I am living in Iztapalapa. I rent an apartment for 4000 pesos (around 200 dollars) a month. My nephew lives with me to help me with his grandma (mom) and go to school. He's ok but very hermetic. I see little of him, and he spends most of his time in his room, playing on his computer. Mom is ok but after the last crisis (when I was in Oregon), she is not the same. She lost something. It's like she's not the same person, nor will she ever be. 

Money is always tight, and I haven't been working very much. A client here and there, but nothing firm. I have my show with Adrenalina Radio once a week to keep me sane, on the road of having an occupation, but there is no money there, just work. 

The here and now. How it's changed over the years! Valle de Bravo is now under my sister's care, and she has 4 dogs and very little interest in cleaning up the house to my standards. 

Writing helps. Like Nabrovok, Poe or Lovecraft, it does nothing to better my life economically, but it does a great deal to exorcise my own demons. 

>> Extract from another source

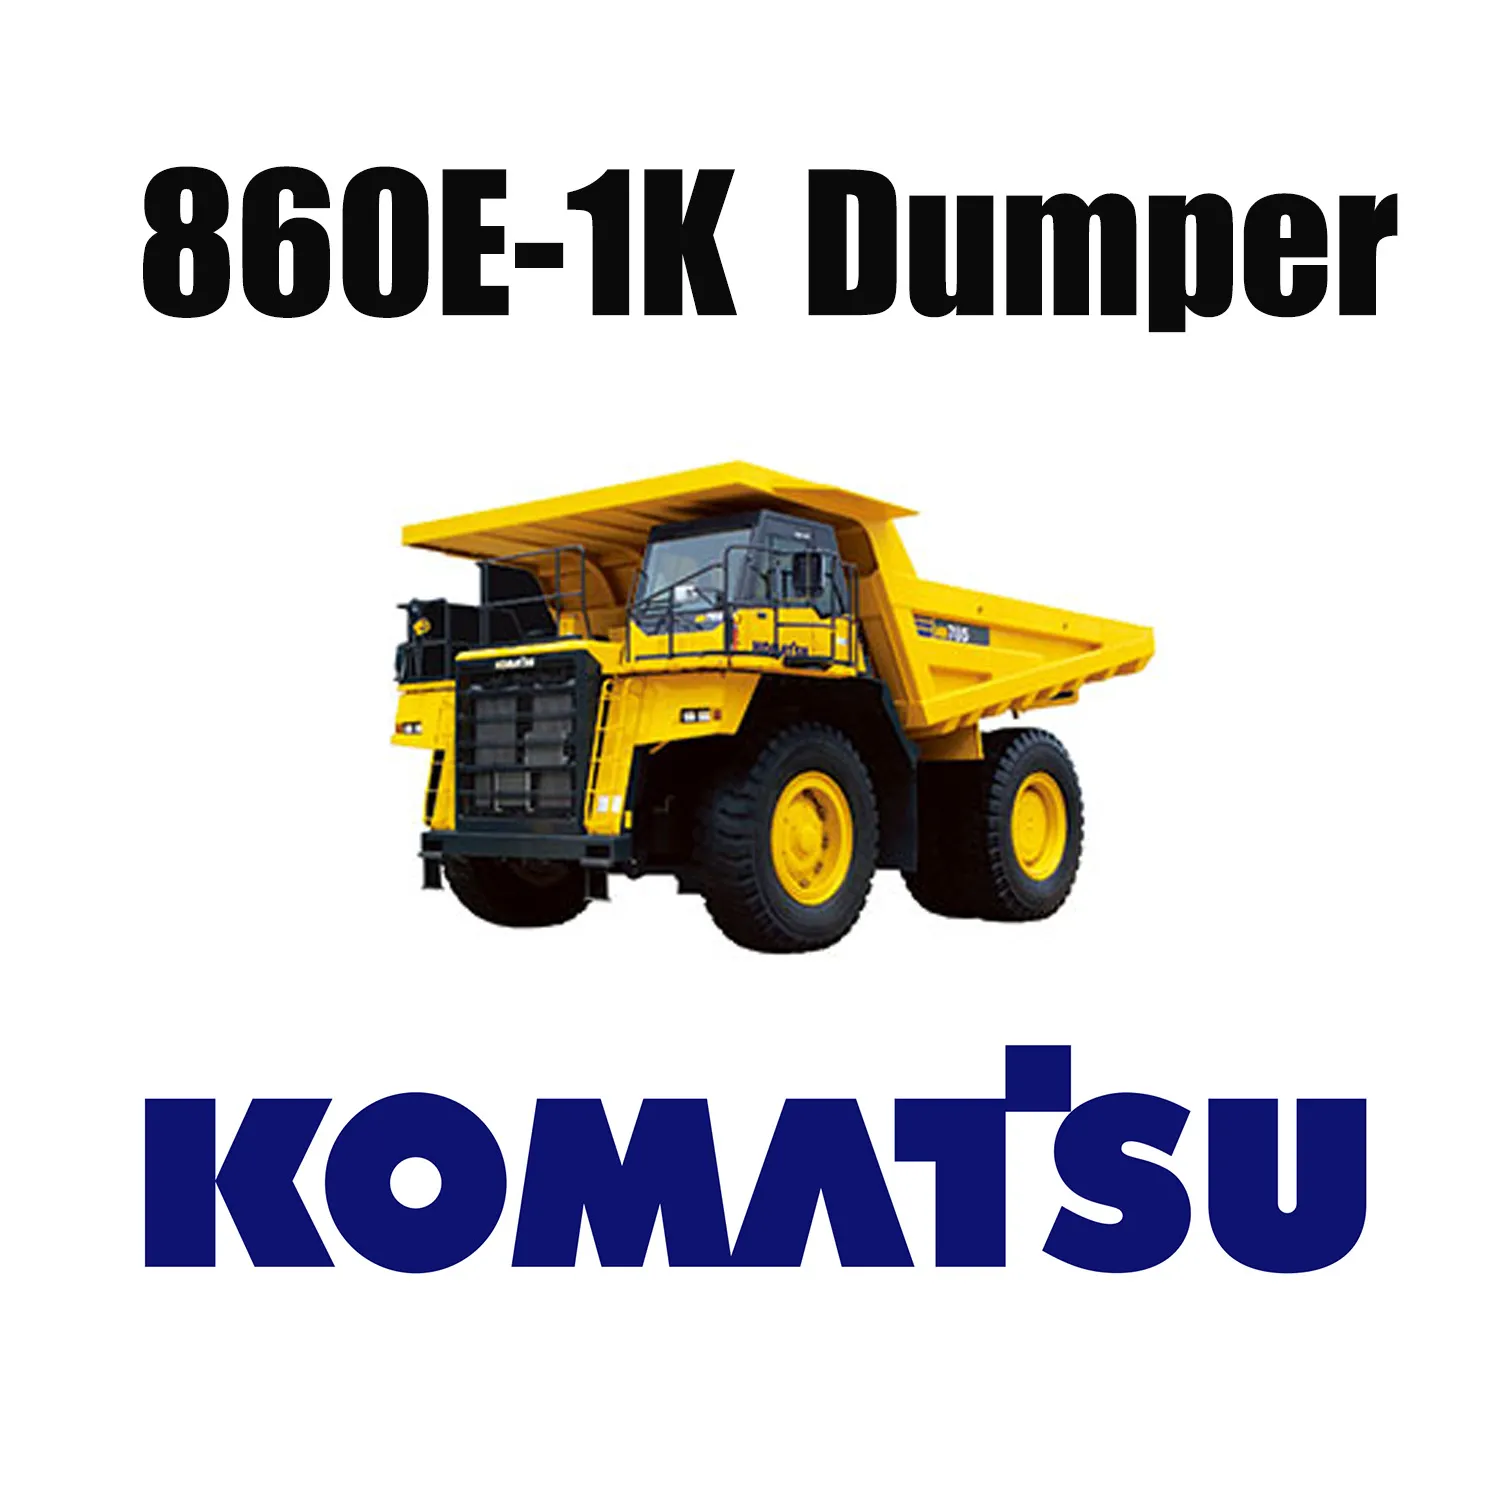 Lốp xe địa hình Giant 50 / 80R57 được sử dụng trên mỏ than cho KOMATSU 860E-1K
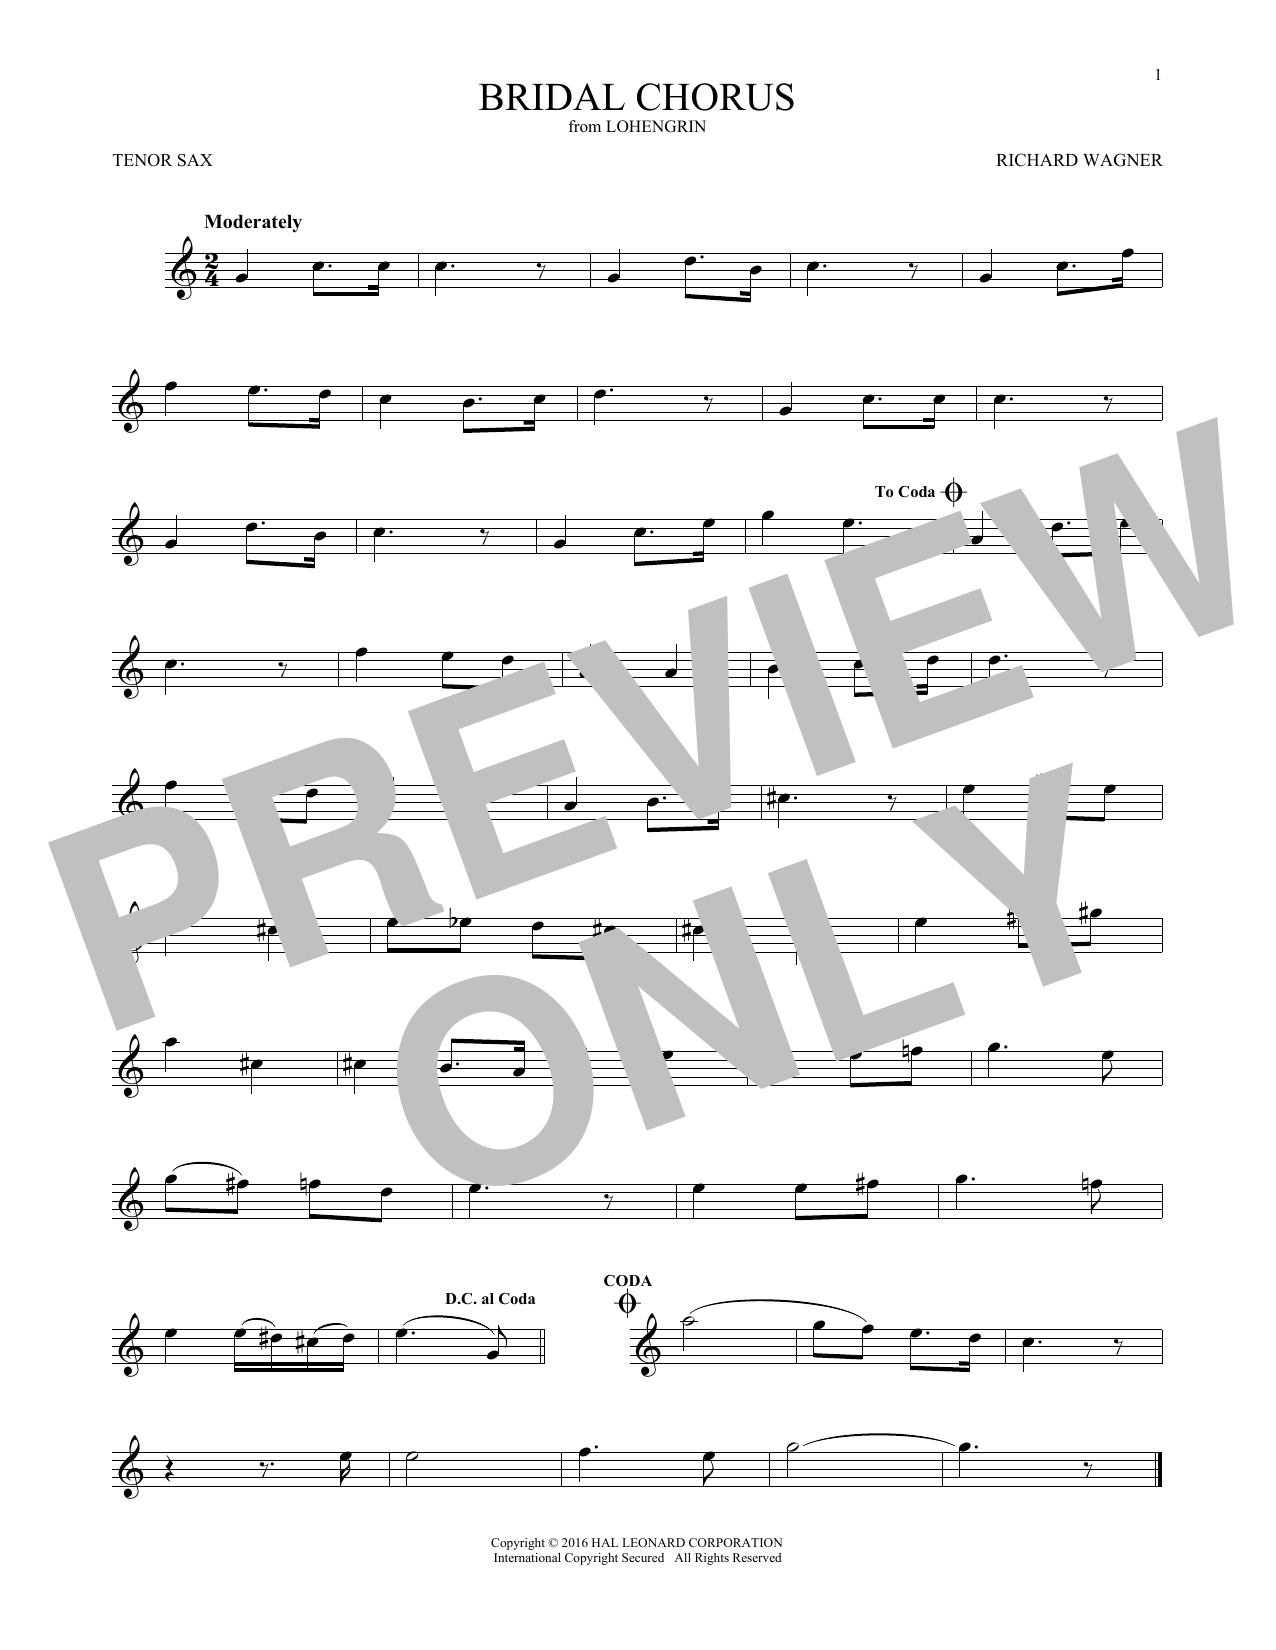 Download Richard Wagner Bridal Chorus Sheet Music

Well... Here we go. I found this blog and I am still active. Cool. Talk later.

Sunday, January 6, 2019


So, here I am again, trying to figure out what's going on. It occurs to me that this place is perfect for a kind of "project control" over the years. There's lots going on... 
  • Trying to round up an Ayahuasca Ceremony for the blood moon at the volcanoes. I am not being very successful, as I have only one person willing to desposit the 50 dollars necessary for me to actually get the medicine.
  • I am going to do another kickstarter project with Johnston Blackhorse. This time, I am going to let him lead the video and stuff. 
  • I wanna do a fundadora project for financing Popocatepetl as a indie-film.
  • Obviously, getting back the house for sis and her kids is priority no. 1, but it actually depends on stuff I am not really in charge of, such as cleaning it. Uff.
  • Various writing projects continue: the SIMS series, Kukumbali, Pedo and others.
I'll think of more stuff as it comes. For the moment, Adrenalina, Wallace and the Witches, and of course, going to San Pedro in February to see Sasha and Dad. 



Good things are coming this year.. I can feel it.